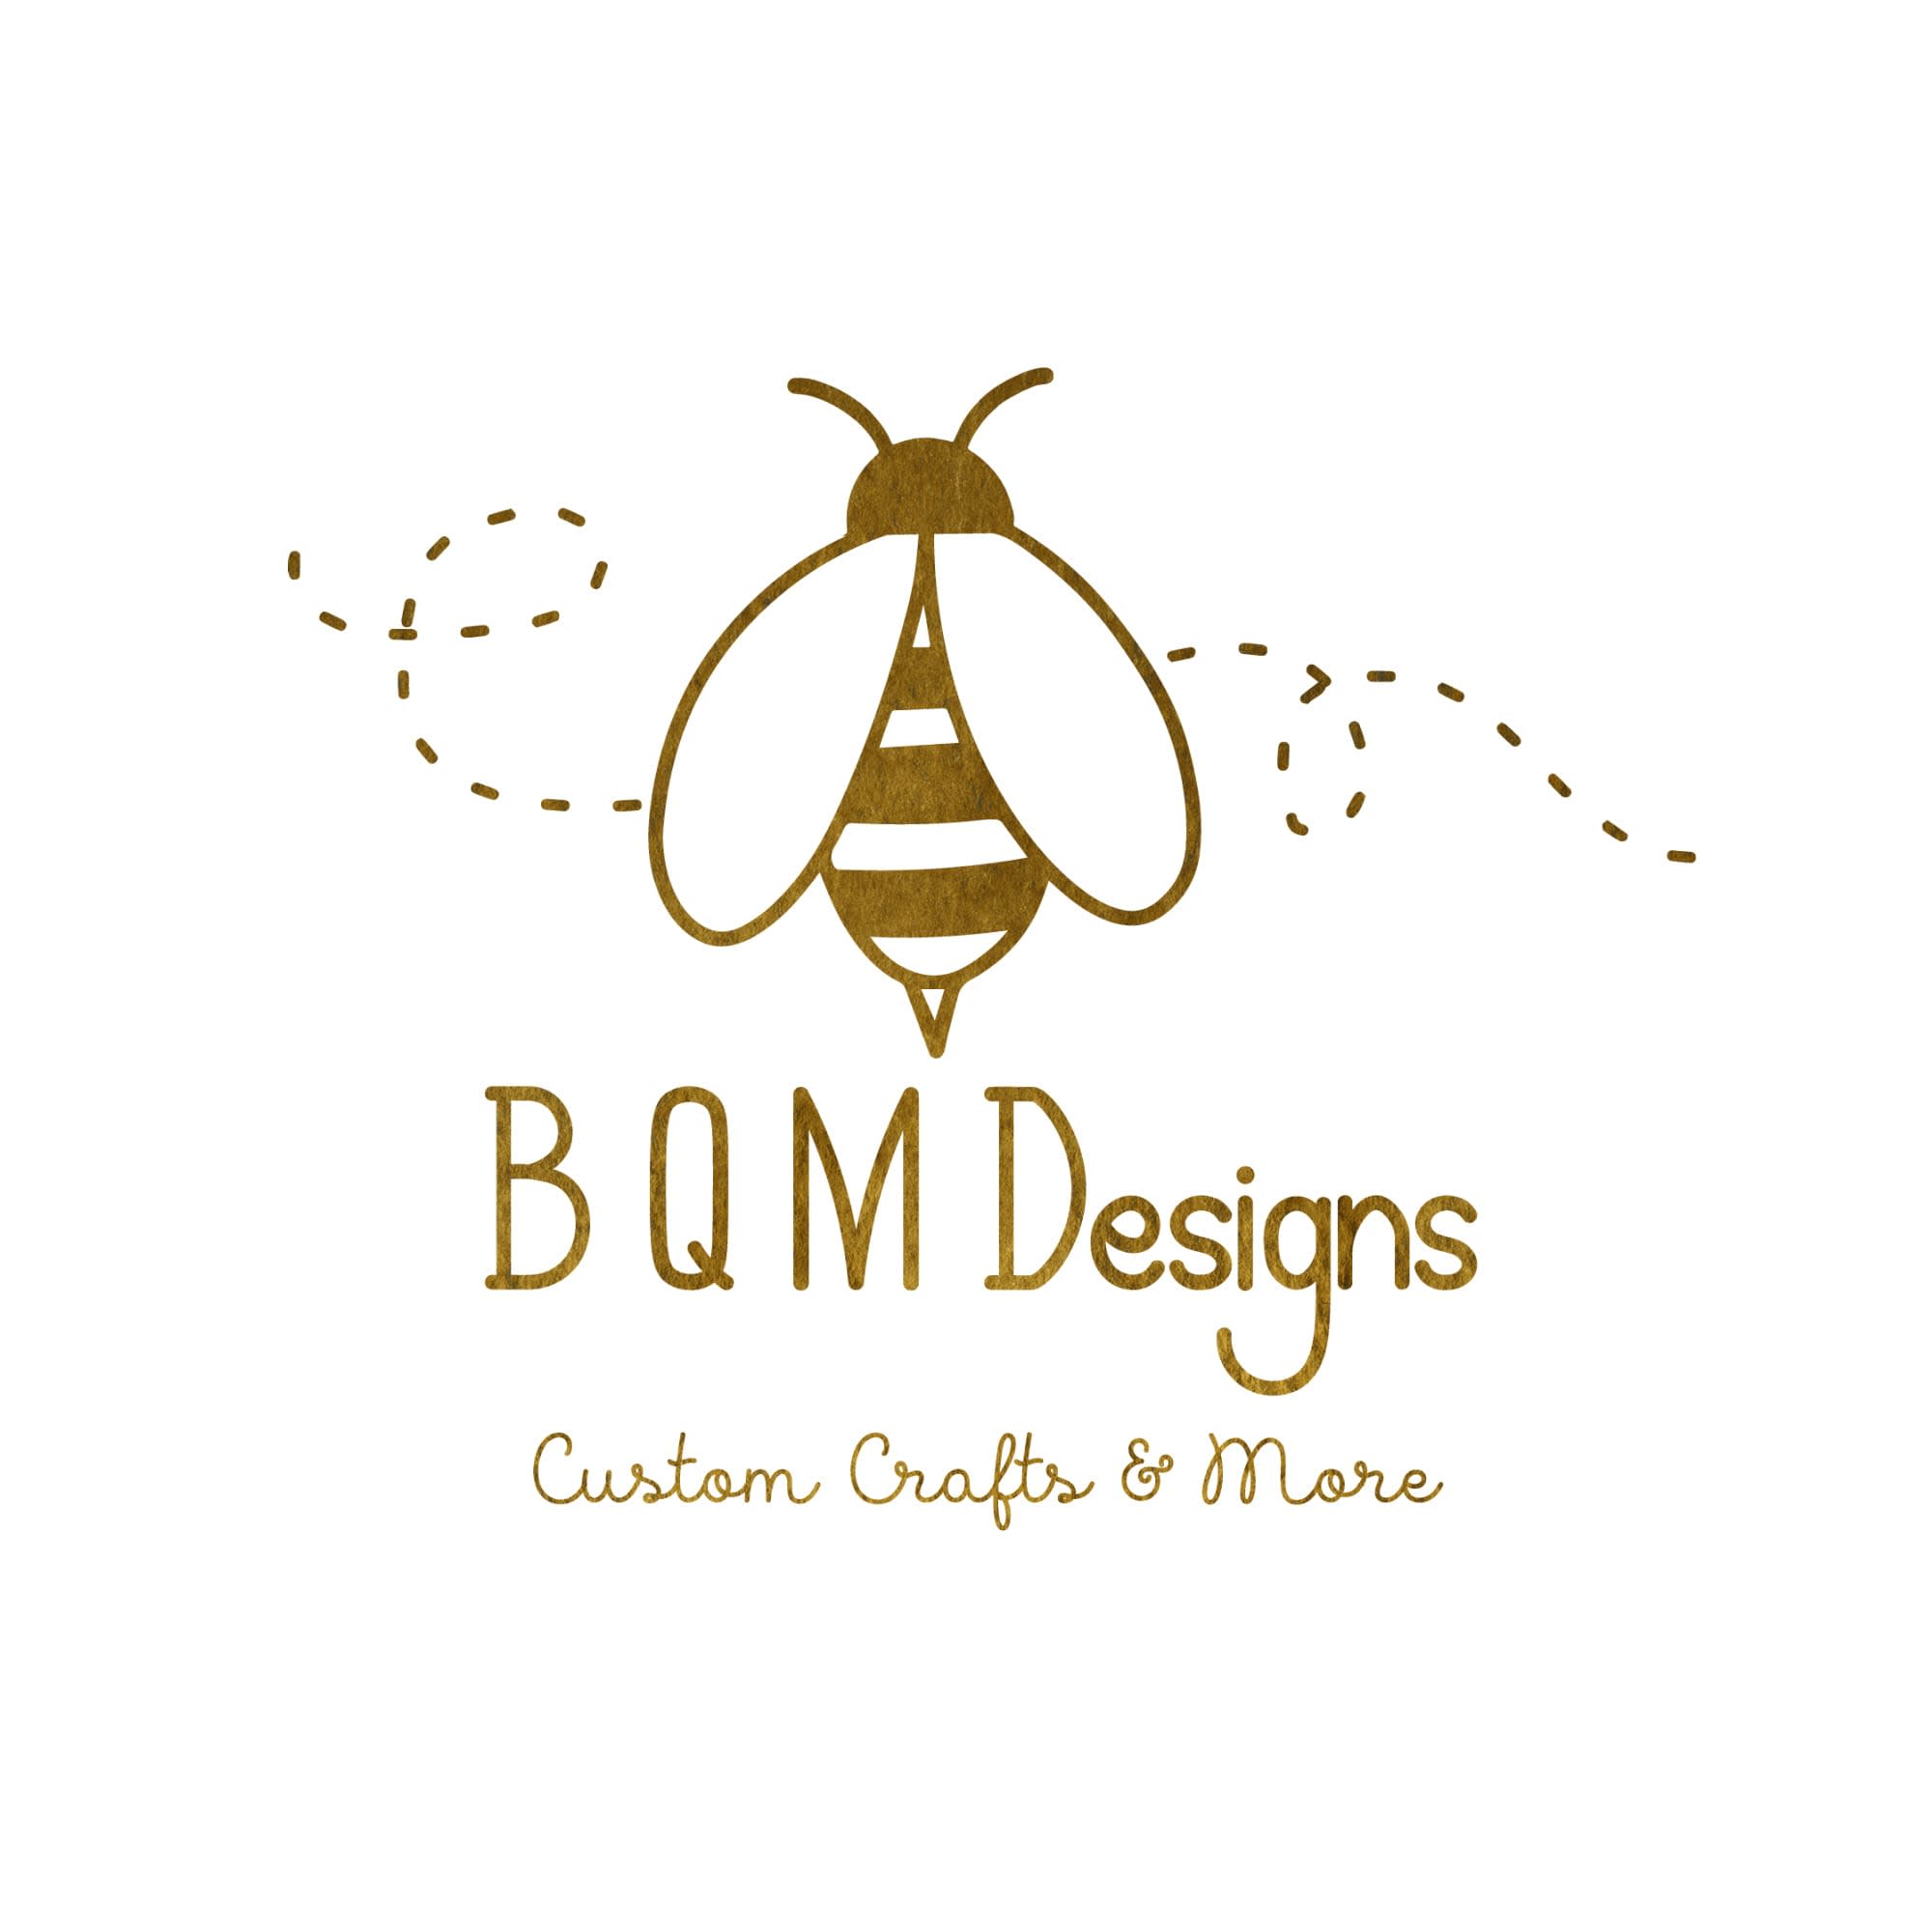 BQM Designs
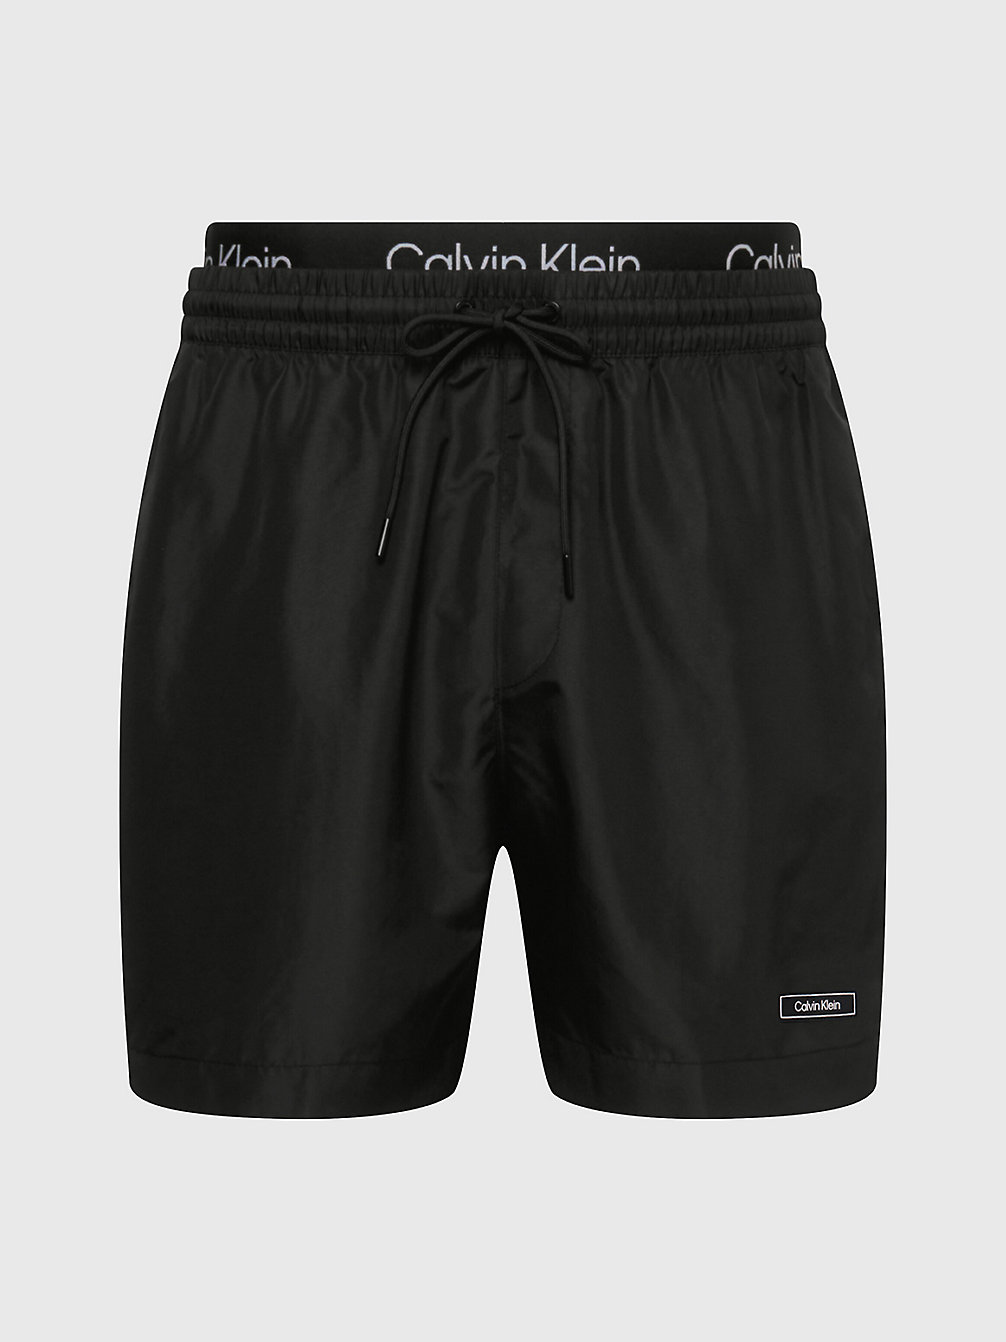 PVH BLACK Badeshorts Mit Doppeltem Bund – Core Solids undefined Herren Calvin Klein
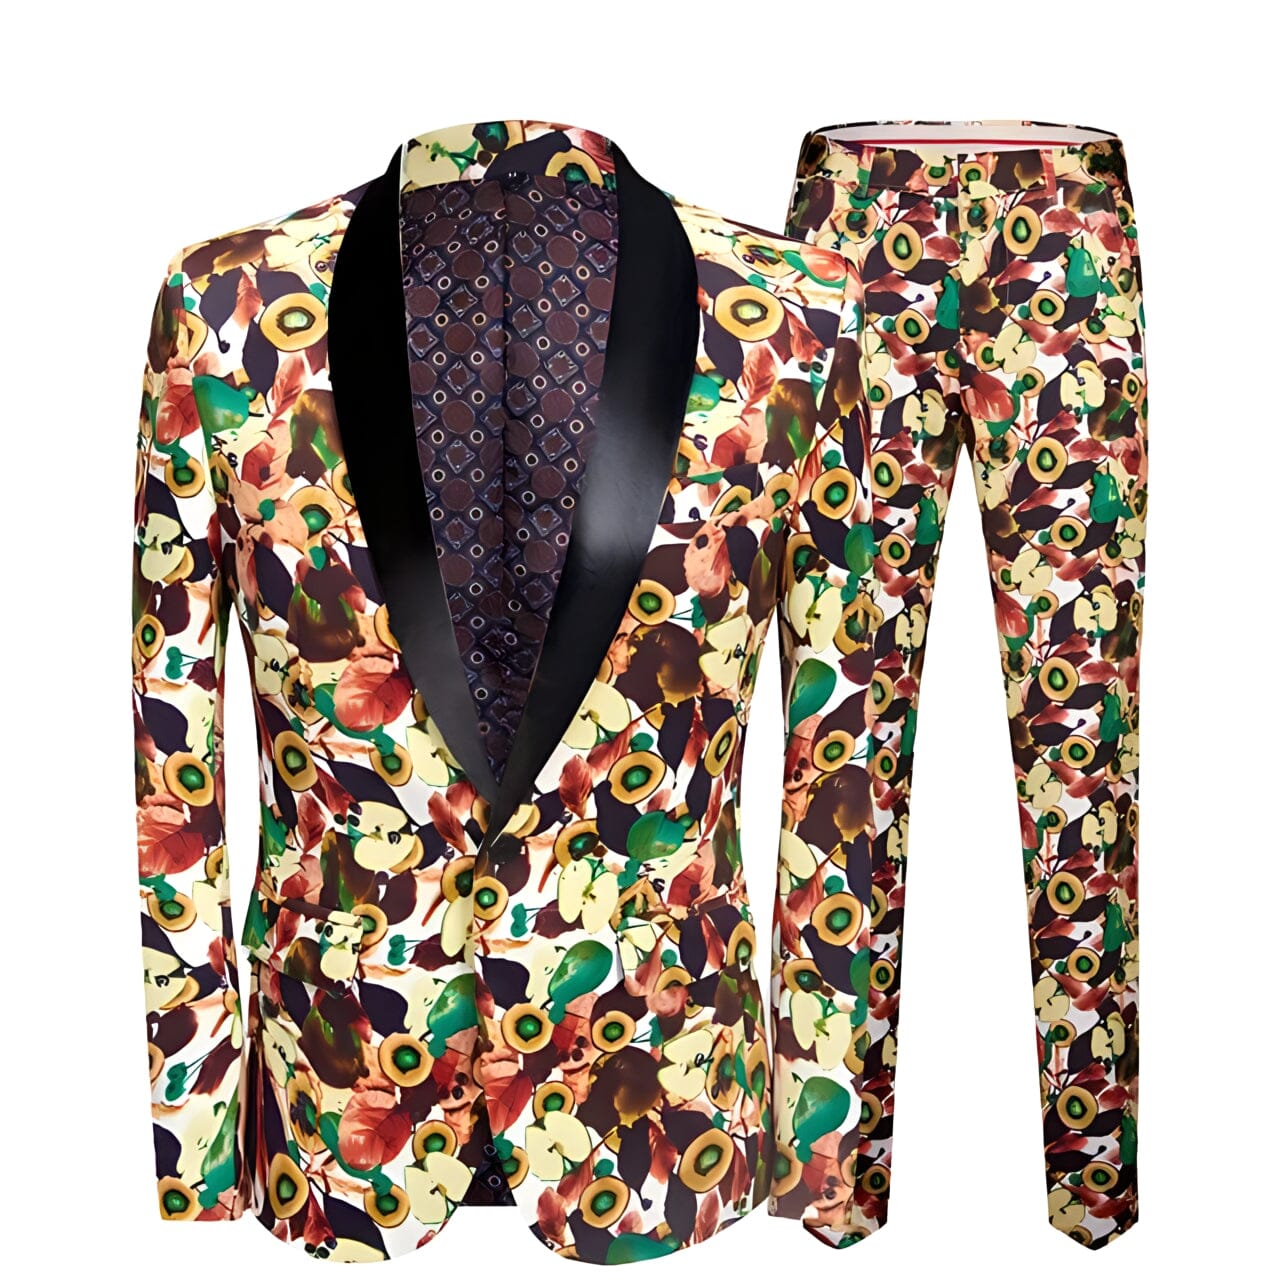 The Ferdinand Slim Fit Two-Piece Suit PYJTRL Official Store Black Lapel XXS

:: EXERCISE BRIEF ::
From the first line to the last, repeat the material exactly, but drop the pictures.

:: THE ANSWER ::
 BQM Designs
 PVH BLACK Badeshorts Mit Doppeltem Bund – Core Solids undefined Herren Calvin Klein
 The Ferdinand Slim Fit Two-Piece Suit PYJTRL Official Store Black Lapel XXS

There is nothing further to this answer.